В это время приблизился третий, весь покрытый ранами самнит. Спартак ударил его щитом по голове, не считая нужным прибегнуть к мечу и не желая, очевидно, убить его. Оглушенный ударом, самнит дважды повернулся на месте и упал. Последний из его товарищей, выбившийся из сил, поспешил к нему на помощь. Спартак энергично напал на него, но, не желая убивать противника, несколькими ударами обезоружил его. Затем прижал самнита к себе и повалил на землю, прошептав на ухо:

— Мужайся, Крикс, я надеюсь тебя спасти.

С этими словами он стал одной ногой на грудь Крикса, а коленом другой — на грудь самнита, оглушенного ударом щита, и в этой позе ожидал решения народа.

Продолжительные, единодушные рукоплескания, оглушительные, как гул подземного грома, раздались в цирке; почти все зрители подняли вверх указательный и средний пальцы, и жизнь обоих самнитов была спасена.

— Какой сильный человек! — сказал Сулле Катилина, по лбу которого текли крупные капли пота. — Какой сильный человек! Он должен был родиться римлянином!

Между тем сотня голосов кричала:

— Свободу храброму Спартаку!

Глаза гладиатора засверкали необыкновенным блеском; его лицо стало еще бледнее, чем было, и он прижал руку к сердцу, как бы для того, чтобы сдержать его бешеное биение.

— Свободу, свободу! — повторяли тысячи голосов.

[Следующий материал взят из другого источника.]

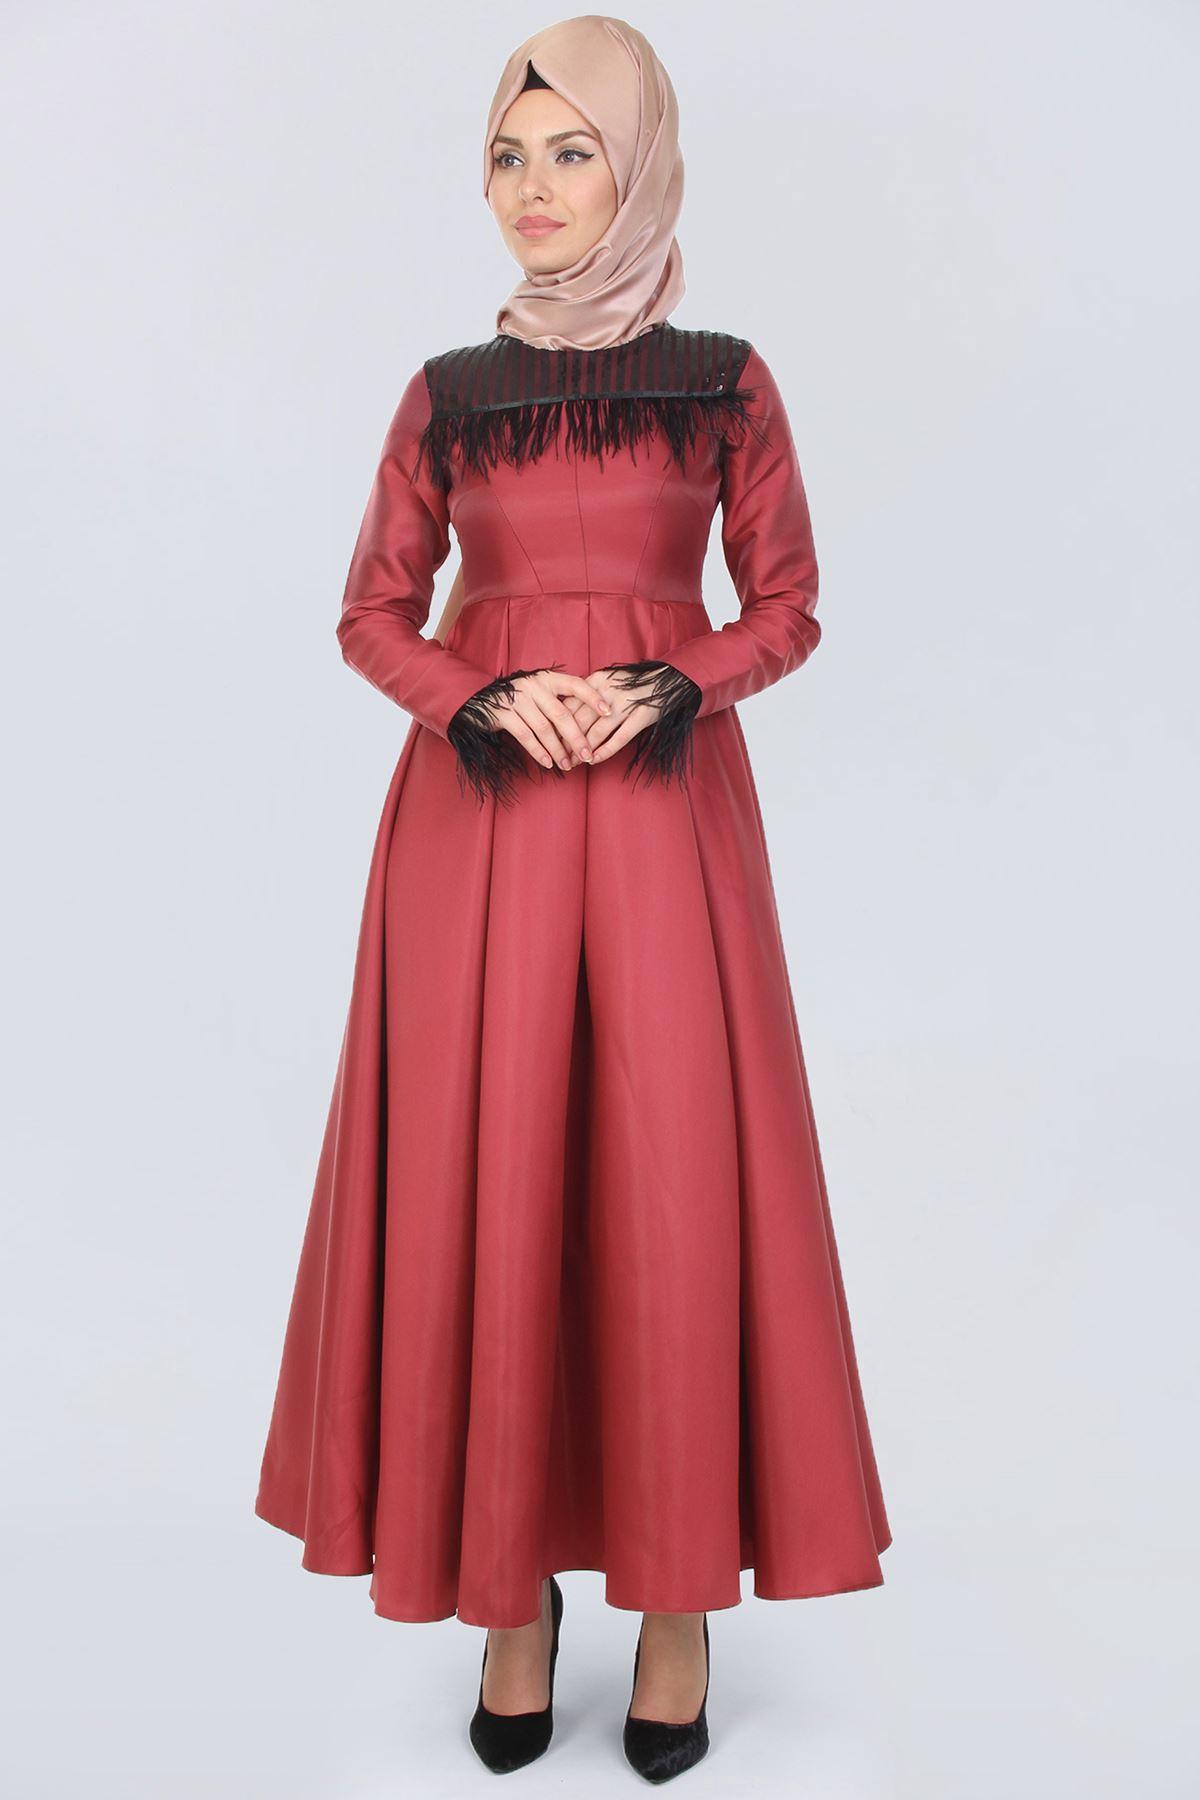 2018 Patirti.Com Tesettur Abiye Modelleri 1 - 2018 Sedanur Tesettür Abiye Elbise Modelleri

— Свобода! — прошептал приглушенным голосом гладиатор, — свобода!.. О боги Олимпа, не допустите, чтобы это было сном! — И он почувствовал, что ресницы его увлажнились слезами.

— Он дезертировал из наших легионов! — раздался громкий голос. — Нельзя давать свободу дезертиру!

И тогда многие граждане, потерявшие благодаря мужеству Спартака свои ставки, закричали злобно:

— Нет, нет, он — дезертир.

Лицо фракийца страшно передернулось, и он резко повернул голову в ту сторону, откуда раздался первый крик обвинения против него. Глазами, сверкавшими ненавистью, он искал того, кто крикнул.

Но тем временем тысячи голосов кричали:

— Свободу, свободу, свободу Спартаку!

Невозможно описать чувство, которое испытывал бедный гладиатор. Для него решался вопрос, более серьезный, чем сама жизнь, и страшная тревога отражалась в этот момент на его бледном лице. Движение мускулов и блеск глаз ясно обнаруживали борьбу между страхом и надеждой. И этот человек, сражавшийся полтора часа со смертью, не обнаруживший ни малейшего признака страха тогда, когда он один остался против четырех противников, — этот человек почувствовал, что колени под ним подгибаются, и чтобы не упасть без чувств среди цирка, он оперся о плечи одного из лорариев, пришедших очистить арену от трупов.

— Свободу, свободу!.. — продолжала кричать толпа.

— Он ее, действительно, достоин, — сказал Катилина на ухо Сулле.

— И он будет ее достоин! — воскликнула Валерия, которою Сулла в эту минуту восхищенно любовался.

— Хорошо, — сказал Сулла, вопросительно смотря в глаза Валерии, которые, казалось, с нежностью, любовью и состраданием молили о милости гладиатору, — хорошо… пусть будет так!..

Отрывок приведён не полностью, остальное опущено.